On 10. 4. 2021 21:22, Warner Losh wrote:
> Thanks for the update Martin.
>
> The tl;dr is I think this will be fine. However, I'd like to document
> the reasoning here for future cases that we may need to judge. There's
> also a couple of logistical issues at the end we need to address, one
> critical.
>
> On Sat, Apr 10, 2021 at 11:15 AM Martin Matuska <mm at freebsd.org
> <mailto:mm at freebsd.org>> wrote:
>
> Here are some of the facts:
>
> - In my merge, there are 15 conflicting files due to changes in
> FreeBSD (add/add)
> - Some of the changes have already been upstreamed in later
> revisions of openzfs than 891568c99
> - A significant majority of the diffs is subject for upstreaming.
> The ideal state would be to have all changes upstreamed. Sometimes
> changes get upstreamed with modifications.
> - In general our developers open pull requests and commit to
> OpenZFS, then we merge the changes
>
> What our developers would like is to use a "git blame" on
> sys/contrib/openzfs/something to see the history path from OpenZFS.
>
> I agree that the merge commits should be more verbose, ideally
> containing a "git log --oneline" of the commits since last merge.
>
> If a do a "squashed" merge like you described with bzip2, then I
> do not import the history from OpenZFS. That way we don't need
> that at all and can continue working the way we did until now.
>
> What you say about adding "unnecessary" history - since the common
> development at OpenZFS the majority of commits directly affects
> FreeBSD. Only "Linux-Only" and "CI-related" commits are not
> relevant for FreeBSD.
>
> I have updated my example branch how it may look like with more
> detailed commit messages, nicely clickable from github:
> https://github.com/mmatuska/freebsd-src/tree/openzfs_master_merged
> <https://github.com/mmatuska/freebsd-src/tree/openzfs_master_merged>
>
> So the the current question is quite simple, we can do one of the
> following:
> a) do the unsquashed merge I suggest that imports the openzfs
> history - this will make the commits very transparent, future
> merges and upstream tracking very easy and
> --allow-unrelated-history flag is not required anymore. The
> "common" part of the histories in main and stable/13 will be
> identical.
> b) if that is not desired or we are undecided I will continue the
> way we go now until a better solution is found. In that case I
> will fork a second vendor branch (vendor/openzfs-2.1) that starts
> with the latest common commit of openzfs/master and
> openzfs/zfs-2.1-release and will merge (or cherry-pick?) from this
> branch directly to stable/13. As an alternative to merging, git
> cherry-pick supports -Xsubtree= as well.
>
> I'm leading towards 'a', but that's a new way for the project to track
> vendor changes. Many of my comments were on how to mirror pulling in
> upstreams that we would want to do infrequently, and where we didn't
> care about the details so much. llvm is a good example, as would be
> bzip, though for different reasons. The former more due to the sheer
> size of the llvm repo and the extremely infrequent need for users and
> developers of FreeBSD to peer into the details. They simply are
> relevant for those cases. For these cases, a squashed commit makes
> sense: people don't care about the details and it keeps our repo size
> manageable and 'b' is appropriate. I had initially thought OpenZFS
> would fall into this category, but your additional details suggest
> that my initial thinking might be a poor fit to our needs.

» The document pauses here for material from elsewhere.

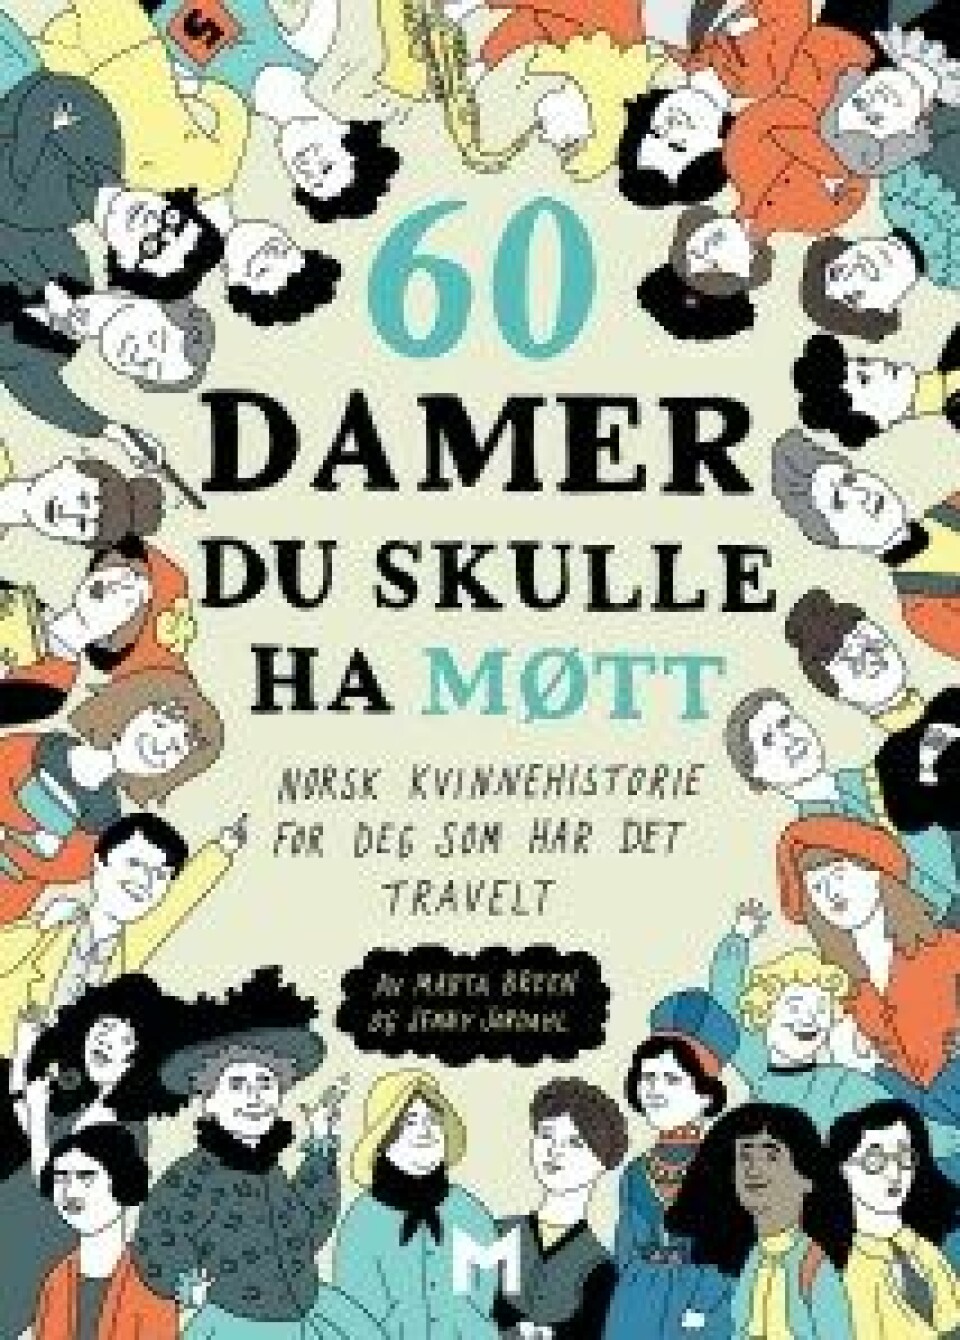 60 damer du skulle ha møtt. Norsk kvinnehistorie for deg som har det travelt av Marta Breen og Jenny Jordal, Forlaget Manifest, 2016.

I agree to your opinion here. The other project I maintain, libarchive,
is another example for the 'b' approach. Imports are infrequent and
FreeBSD is primarily a "downstream consumer" of libarchive even if there
is some code dedicated privately to FreeBSD. As of OpenZFS, there is
much more dedicated code, we are interested in more frequent pulls and
several of our developers are directly involved in the project
developing both "common" and "FreeBSD-related" code. What I especially
like about the OpenZFS project are the high development standards.
>
> I think that you've made a compelling case to merge in the tree. The
> potential downsides need to be looked at for doing something new.
> First is size. From the numbers you provided, OpenZFS is on the larger
> side of things we'd want to do this with. The expansion of the repo is
> concerning, so there would need to be some benefit from that. Here,
> you've clearly articulated the benefit: our OpenZFS developers drift
> back and forth between OpenZFS and FreeBSD and do development in both
> places. If these merges are frequent, this allows a more efficient
> workflow for OpenZFS maintenance. This also allows better bisecting in
> the case of trouble. One reason we don't generally want to open things
> up to merge commits is the crazy merges we did with svn that created
> weird loops. While the git transition work endeavored to eliminate
> them, a number slipped through. We do not want any more of them
> created. By that test, these commits pose no risk given then OpenZFS
> practices (and little risk outside the contrib/openzfs tree).
Are such (messy) situations even possible in git?
>
> So, the practical aspects of this: how do we do this. We'll need to
> have the OpenZFS mainline and branches in the tree, so the question of
> what namespace to put them into comes to mind. The obvious answer
> would be 'openzfs' or 'vendor/openzfs' comes to mind, but you want two
> branches, so maybe vendor/openzfs/main (or master, whatever it is
> called upstream) and vendor/openzfs/<branch-name> would be better
> since we could then recommend a 'refs' line for people working on
> openzfs that would let git do all the heavy lifting here. There's no
> issue with having both vendor/openzfs and vendor/openzfs/<foo> in the
> tree at the same time, I don't think. The current rule sets would
> allow this, and you could carefully push both the branches first. I
> don't think we need to do anything special except document how to do
> the first commit (for others who need to do this) and document how to
> update which I'm more than happy to help out with.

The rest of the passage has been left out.